I know it not O soul,
Nor dost thou, all is a blank before us,
All waits undream'd of in that region, that inaccessible land.

Till when the ties loosen,
All but the ties eternal, Time and Space,
Nor darkness, gravitation, sense, nor any bounds bounding us.

Then we burst forth, we float,
In Time and Space O soul, prepared for them,
Equal, equipt at last, (O joyl O fruit of all!) them to fulfil O soul.

The piece is dedicated to the composer's sister-in-law Florence Maitland in memory of her husband, F. W. Maitland, Downing Professor of the Laws of England at Cambridge, whose recent death had grieved Vaughan Williams.

==Premiere and reception==

The composer conducted the first performance, which was given at the Leeds Festival on 10 October 1907, in a concert otherwise conducted by his former professor at the Royal College of Music, Sir Charles Stanford. The London premiere of the piece was conducted by Stanford two months later.

The music critic of The Times, J. A. Fuller Maitland, wrote:

Later analysts note the influence of older composers: Stanford, Elgar and particularly Hubert Parry, another of Vaughan Williams's former professors, whose Blest Pair of Sirens (1887) is, according to both Michael Kennedy (1980) and Christopher Palmer (1993), a model in form and general outline for Toward the Unknown Region.

==Structure==

The work is scored for 3 flutes, 2 oboes, cor anglais, 2 clarinets in B♭, bass clarinet in B♭, 2 bassoons, 4 horns in F, 3 trumpets in F, 3 trombones, tuba, timpani, 2 harps, organ and strings. The chorus is in the traditional four vocal parts.

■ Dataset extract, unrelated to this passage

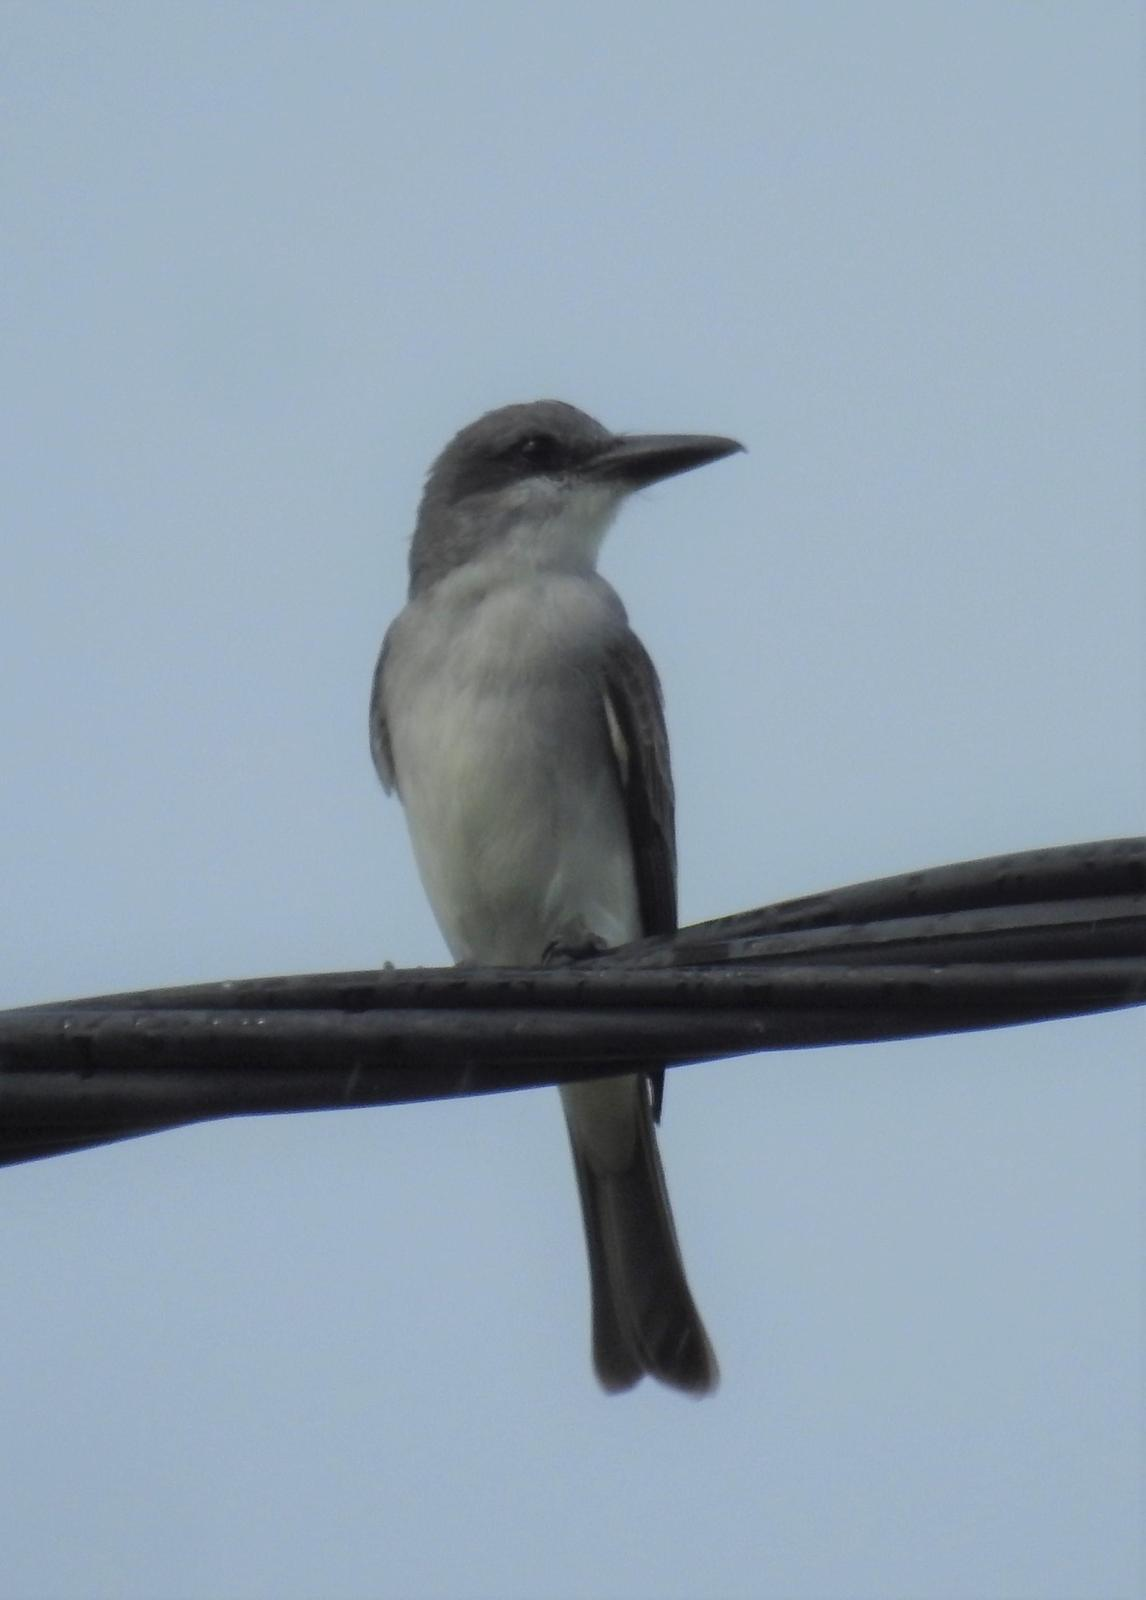 Gray Kingbird Photo by John Licharson

The duration is typically between 11 and 13 minutes.

==Recordings==

| Conductor | Orchestra | Chorus | Date |
|---|---|---|---|
| Sir Malcolm Sargent | London Symphony Orchestra | BBC Chorus | 1957 |
| Sir Adrian Boult | London Philharmonic Orchestra | London Philharmonic Choir | 1973 |
| Norman Del Mar | City of Birmingham Symphony Orchestra | City of Birmingham Symphony Chorus | 1980 |
| Bryden Thomson | London Symphony Orchestra | London Symphony Chorus | 1989 |
| David Hill | Bournemouth Symphony Orchestra | Waynflete Singers; Winchester Cathedral Choir | 1991 |
| Matthew Best | Corydon Orchestra | Corydon Singers | 1993 |
| David Lloyd-Jones | Royal Liverpool Philharmonic Orchestra | Royal Liverpool Philharmonic Choir | 2005 |
| Graham Taylor | Scottish Opera Orchestra, | City of Glasgow Chorus | 2005 |

Source: WorldCat and Naxos Music Library

==Notes, references and sources==

===Sources===
- Kennedy, Michael (1980). "The Works of Ralph Vaughan Williams"
- Palmer, Christopher (1993). "Ralph Vaughan Williams"
- Schwartz, Elliott (1964). "The Symphonies of Ralph Vaughan Williams"
- Vaughan Williams, Ralph (1924). "Toward the Unknown Region"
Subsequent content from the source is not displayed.